Entries supplied Block Start
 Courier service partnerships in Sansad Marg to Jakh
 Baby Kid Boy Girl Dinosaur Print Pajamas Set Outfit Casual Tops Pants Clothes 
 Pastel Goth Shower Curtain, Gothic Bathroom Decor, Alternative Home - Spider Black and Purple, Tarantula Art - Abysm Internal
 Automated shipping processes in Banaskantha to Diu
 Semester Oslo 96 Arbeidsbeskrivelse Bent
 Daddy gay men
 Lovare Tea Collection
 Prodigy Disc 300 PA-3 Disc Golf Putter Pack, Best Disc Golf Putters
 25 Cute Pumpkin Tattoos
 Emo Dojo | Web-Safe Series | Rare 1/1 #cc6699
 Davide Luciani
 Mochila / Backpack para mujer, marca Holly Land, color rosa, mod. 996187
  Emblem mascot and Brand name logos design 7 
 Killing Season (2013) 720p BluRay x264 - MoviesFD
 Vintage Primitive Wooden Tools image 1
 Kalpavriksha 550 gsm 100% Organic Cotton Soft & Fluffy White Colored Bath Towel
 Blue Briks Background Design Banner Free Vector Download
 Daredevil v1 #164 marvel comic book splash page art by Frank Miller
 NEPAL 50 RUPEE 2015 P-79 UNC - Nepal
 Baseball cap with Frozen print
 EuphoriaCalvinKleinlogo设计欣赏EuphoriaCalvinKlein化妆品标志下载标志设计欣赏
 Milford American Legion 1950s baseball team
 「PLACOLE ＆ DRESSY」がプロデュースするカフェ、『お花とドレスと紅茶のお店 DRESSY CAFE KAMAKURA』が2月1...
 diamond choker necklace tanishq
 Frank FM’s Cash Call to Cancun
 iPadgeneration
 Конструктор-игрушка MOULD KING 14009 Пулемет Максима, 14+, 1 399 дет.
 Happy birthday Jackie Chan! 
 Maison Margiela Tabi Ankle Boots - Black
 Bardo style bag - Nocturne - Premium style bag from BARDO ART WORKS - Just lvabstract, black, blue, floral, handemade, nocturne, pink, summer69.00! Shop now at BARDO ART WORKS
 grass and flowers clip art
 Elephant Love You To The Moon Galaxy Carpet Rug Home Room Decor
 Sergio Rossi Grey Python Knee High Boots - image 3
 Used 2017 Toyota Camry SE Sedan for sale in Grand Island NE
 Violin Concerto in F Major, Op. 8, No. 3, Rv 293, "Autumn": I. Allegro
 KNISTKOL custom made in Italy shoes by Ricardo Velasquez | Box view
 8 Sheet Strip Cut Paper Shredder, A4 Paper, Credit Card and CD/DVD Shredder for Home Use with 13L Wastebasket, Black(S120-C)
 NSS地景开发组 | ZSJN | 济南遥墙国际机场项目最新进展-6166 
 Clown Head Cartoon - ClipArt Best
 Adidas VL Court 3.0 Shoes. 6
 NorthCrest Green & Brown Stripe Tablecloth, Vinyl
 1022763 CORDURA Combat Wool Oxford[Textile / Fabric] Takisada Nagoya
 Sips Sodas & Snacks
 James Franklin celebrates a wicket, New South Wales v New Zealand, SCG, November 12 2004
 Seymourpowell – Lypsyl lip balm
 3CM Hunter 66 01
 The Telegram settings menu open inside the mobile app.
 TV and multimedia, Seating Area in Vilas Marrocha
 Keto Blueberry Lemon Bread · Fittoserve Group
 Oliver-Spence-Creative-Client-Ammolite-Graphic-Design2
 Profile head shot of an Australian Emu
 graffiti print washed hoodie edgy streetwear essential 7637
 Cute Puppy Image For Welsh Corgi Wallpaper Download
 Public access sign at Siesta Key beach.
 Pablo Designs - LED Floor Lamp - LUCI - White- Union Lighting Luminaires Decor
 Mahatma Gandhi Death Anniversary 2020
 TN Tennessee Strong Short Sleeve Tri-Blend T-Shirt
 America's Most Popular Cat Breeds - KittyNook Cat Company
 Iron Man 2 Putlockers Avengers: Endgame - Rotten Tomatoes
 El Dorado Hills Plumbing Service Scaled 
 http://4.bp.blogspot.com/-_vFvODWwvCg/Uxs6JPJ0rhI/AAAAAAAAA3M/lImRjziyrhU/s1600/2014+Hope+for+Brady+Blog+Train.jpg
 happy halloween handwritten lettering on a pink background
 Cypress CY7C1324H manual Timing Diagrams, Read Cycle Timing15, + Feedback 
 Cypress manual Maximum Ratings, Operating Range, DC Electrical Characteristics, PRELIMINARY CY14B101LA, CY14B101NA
Entries supplied Block End
* **Task statement**
Restate exactly the records above from their first line through the line that holds "Killing Season (2013)", please, including both and leaving out all others.

* **Task result**
 Courier service partnerships in Sansad Marg to Jakh
 Baby Kid Boy Girl Dinosaur Print Pajamas Set Outfit Casual Tops Pants Clothes 
 Pastel Goth Shower Curtain, Gothic Bathroom Decor, Alternative Home - Spider Black and Purple, Tarantula Art - Abysm Internal
 Automated shipping processes in Banaskantha to Diu
 Semester Oslo 96 Arbeidsbeskrivelse Bent
 Daddy gay men
 Lovare Tea Collection
 Prodigy Disc 300 PA-3 Disc Golf Putter Pack, Best Disc Golf Putters
 25 Cute Pumpkin Tattoos
 Emo Dojo | Web-Safe Series | Rare 1/1 #cc6699
 Davide Luciani
 Mochila / Backpack para mujer, marca Holly Land, color rosa, mod. 996187
  Emblem mascot and Brand name logos design 7 
 Killing Season (2013) 720p BluRay x264 - MoviesFD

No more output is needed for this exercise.